Amazing from start to finish! What I love about Hosseini is how realistic his books are. They feel very real and that's what captures my heart. I feel for the characters, I feel for the situation they are in, and most of all I feel for the author who must have worked up so much courage to write such a tragedy but also hopeful story. Two women brought up under different situations are somehow brought together to help each other. One being a victim of witnessing her own mother's death, and the other being a victim of her abusive husband.

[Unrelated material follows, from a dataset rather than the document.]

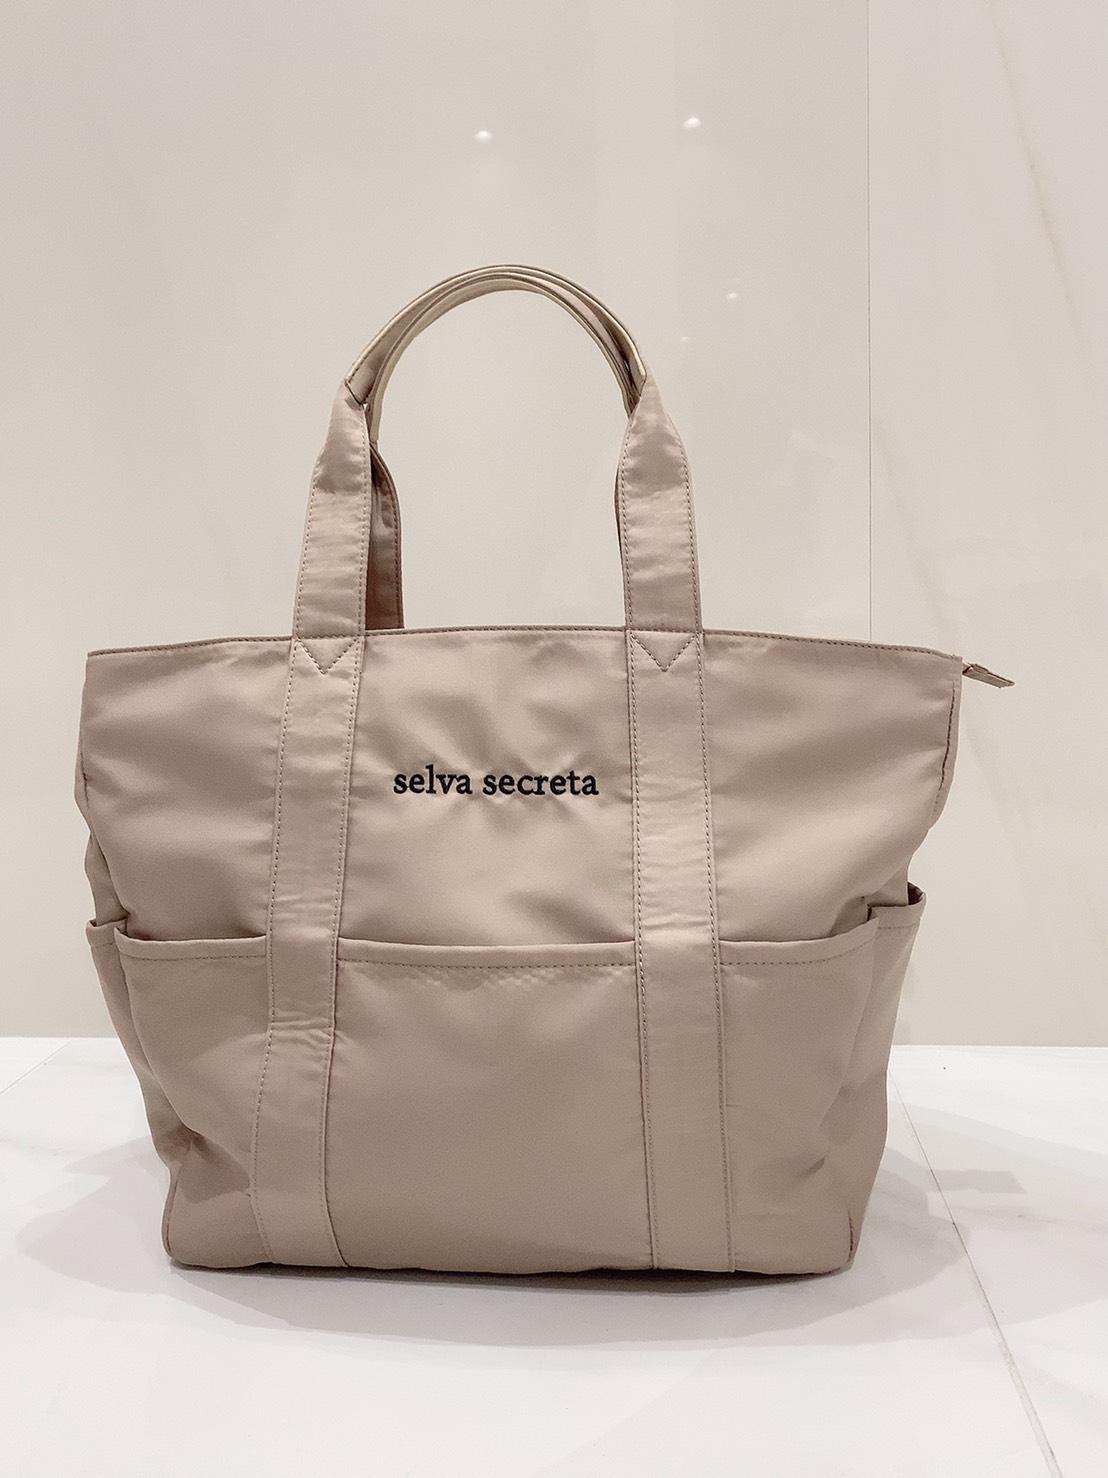 【selva secreta】useful TOTE BAG(light-beige)
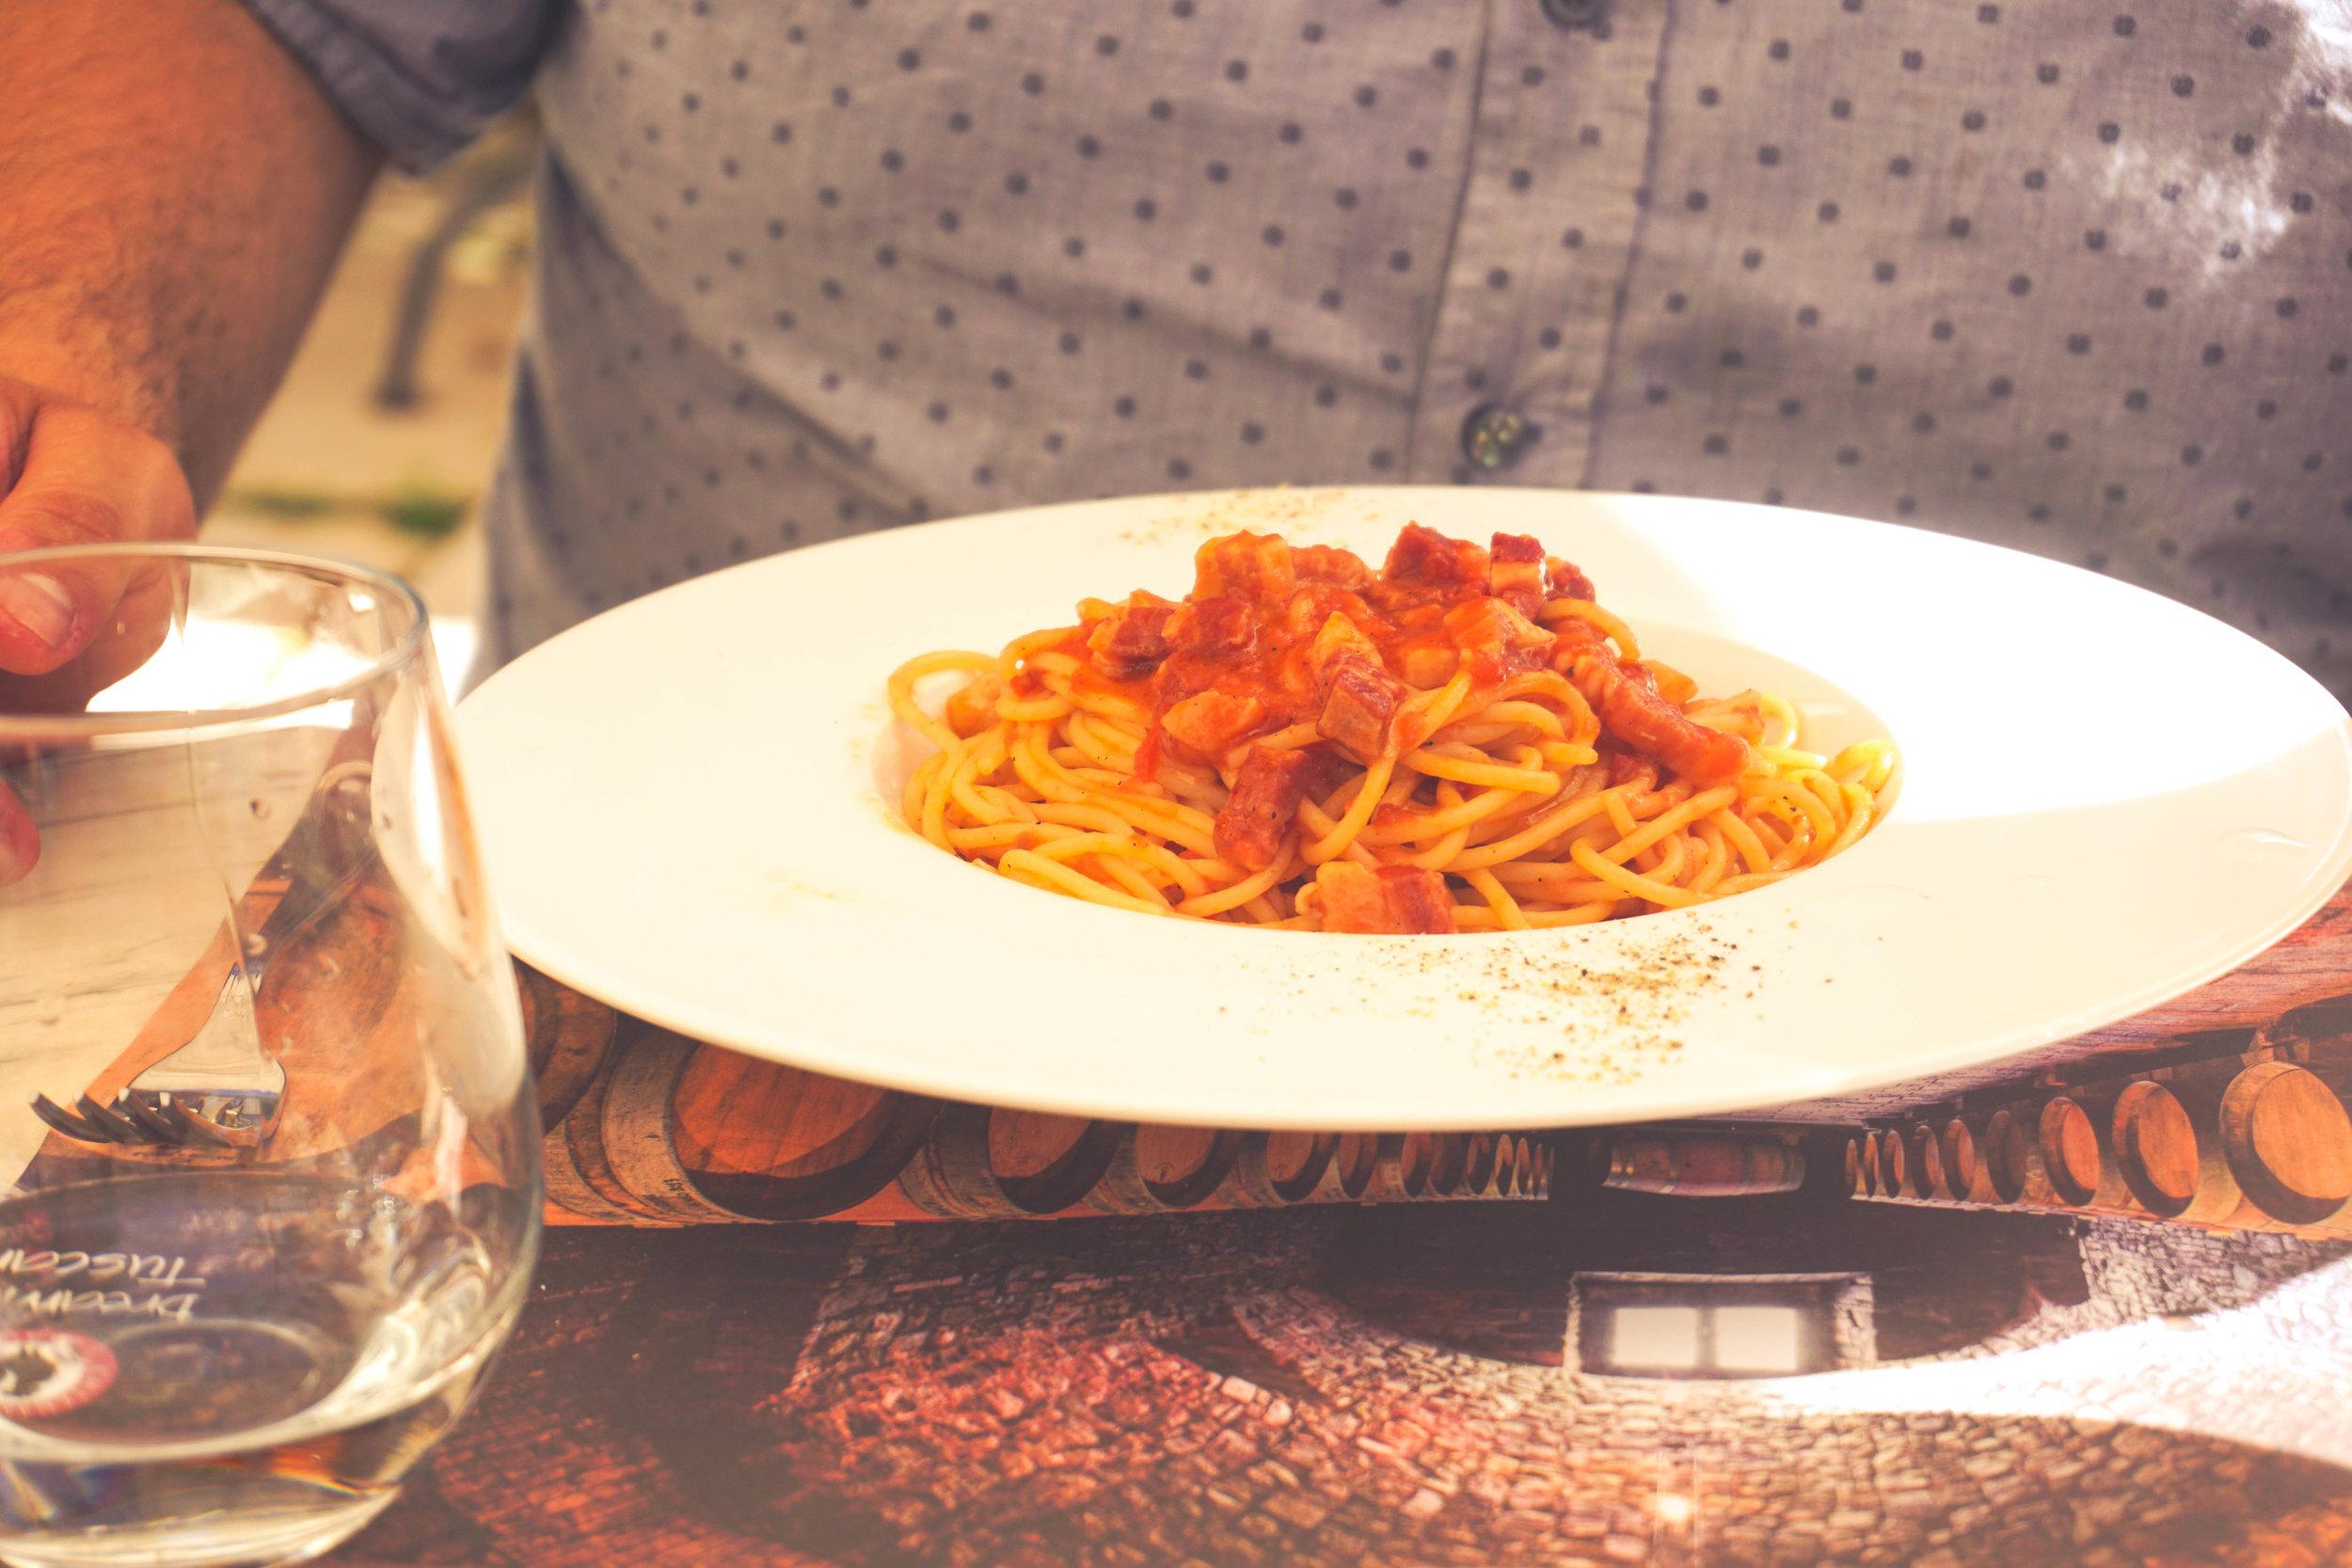 plate of pasta.jpg

Afghanistan has turned its men into such vicious creatures, who fully control the women of their country. Under no circumstance is a woman allowed to disobey the rules of men, the penalty is death in most cases. Anyone who is interested in finding out how those women overcome these circumstances, then you have to read this book! You will not be disappointed. The Kite Runner (Khaled Hosseini's first book) takes place in the same setting with similar laws, except it centers on the lives of two young boys of the best of friends, pulled apart by a tragedy that only one can make amends for. Hosseini will never disappoint and his third book will be even better.
This book was very suspenseful and interesting. For a book made in a foreign country, it was somehow very relateable. I really liked how the book was separated into three parts; Mariam's, Lalia's, and then their stories together. It made the book easier to understand and you really got to know each one of them before you heard their story together. It was almost as if Mariam and Lalia were telling their stories to you. I really liked how into detail the book went. Each and every thing was described very thoroughly. The whole story was something that I am not used to mainly because they were in a culture where women were idolized, men could have more than one wife, and you got married off to someone. I also really liked how the setting was during the war because it gave a good setting that made the story more interesting. Also, I don't know what it's like to live in a war zone and to have that information was very cool. I think it was also nice to show how much having the abortions made Rasheed and Mariam's relationship go wrong. The whole book overall was an eye opener to other cultures and that's something I'm not used to. It was one of the best books I have ever read and I highly encourage you to read it.